Evolutions-Spuren am Menschen: Hodenentwicklung
Ein Teil der neugeborenen Jungen wird mit leerem Hodensack geboren. Erst nach einigen Wochen steigen die Hoden durch den Leistenkanal ab und kommen im Hodensack zu liegen. Dabei gibt es einige
Zwischenformen: Bauchhoden liegen dauerhaft in der Bauchhöhle. Gleithoden liegen am Übergang zum Hodensack, lassen sich kurz in den Hodensack herabziehen, gleiten aber sofort zurück. Pendelhoden
liegen zeitweilig anatomisch korrekt, "pendeln" aber bei Kälte oder Stress zurück in Richtung Leistenkanal. (Bilder in den Kommentaren). Kommen die Hoden auch am Ende des ersten Lebensjahrs nicht
im Hodensack zu liegen, besteht ein hohes Risiko für Unfruchtbarkeit. In der Bauchhöhle können Hoden unbemerkt Krebs entwickeln.
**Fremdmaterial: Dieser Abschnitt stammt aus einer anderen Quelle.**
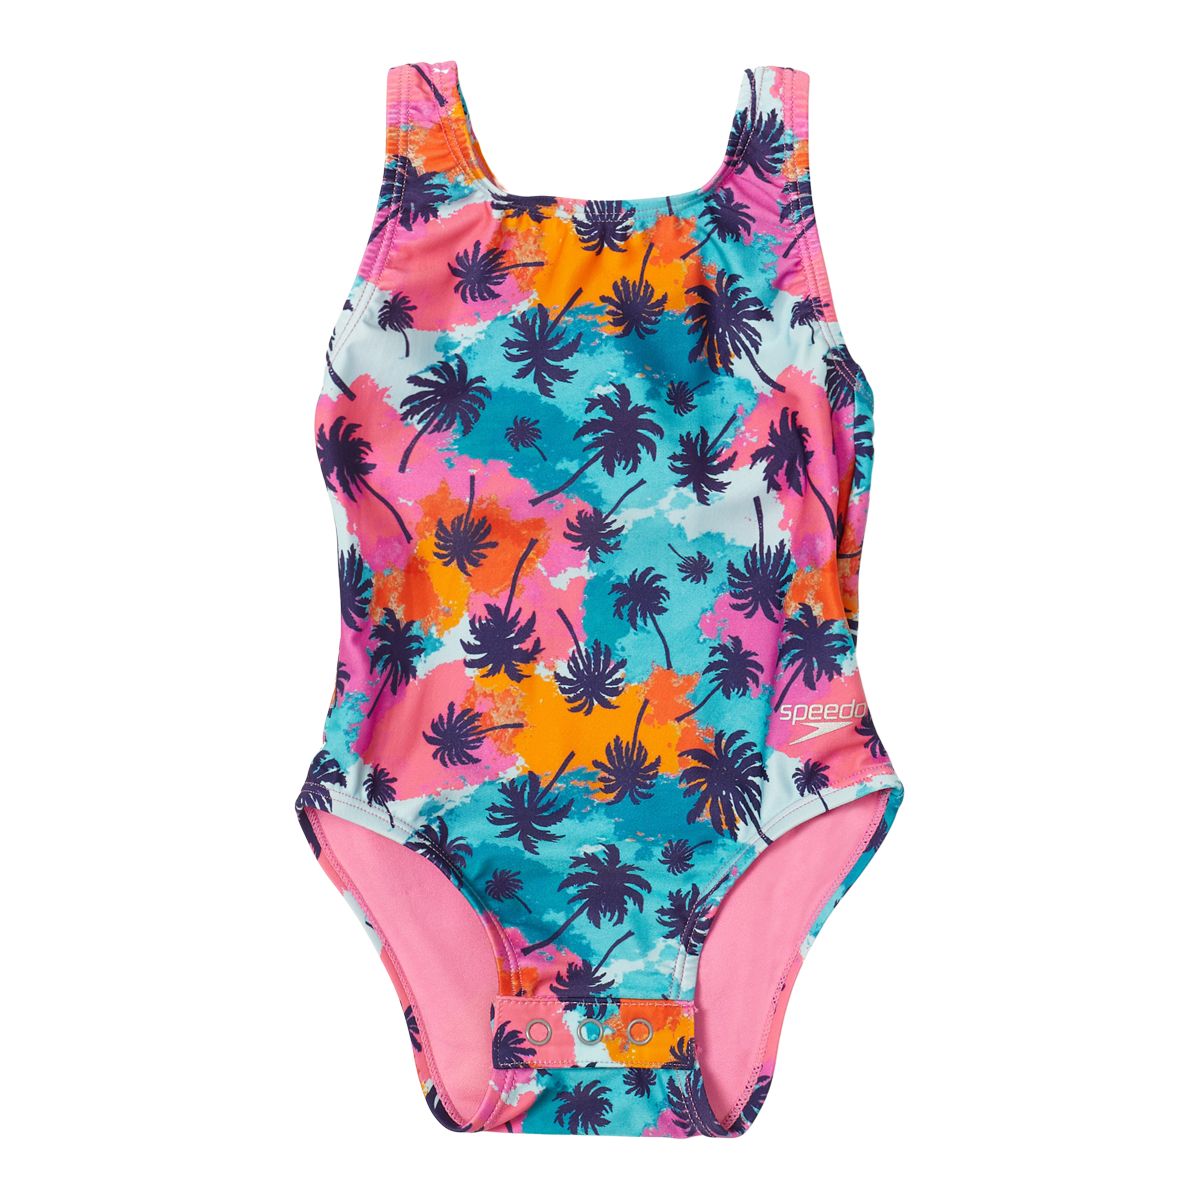 Speedo Infant Girls' 12M-3T Snapsuit One Piece Swimsuit

Dann wird operiert und der Hoden im Hodensack fixiert
(Orchidopexie) oder Hodenrudimente entfernt.
Wie kommt das? Warum entstehen die Hoden nicht einfach im Hodensack?
Wie bei fast jeder biologischen Frage: aufgrund unserer Stammesgeschichte. Die Hoden lagen bei unseren evolutionären Vorfahren (Amphibien, Kriechtieren) in der Bauchhöhle, auf der Vorderseite der Nieren. (Bilder in den Kommentaren.) Erst bei den Säugetieren wandert der Hoden nach außen. Im Embryonalstadium zeichnen wir die Stammesgeschichte nach. Die Hoden entstehen neben den Nieren und wandern dann über sieben Wochen allmählich in Richtung Hodensack (descensus testis). Das kann sich verspäten - oder auch mal schief laufen.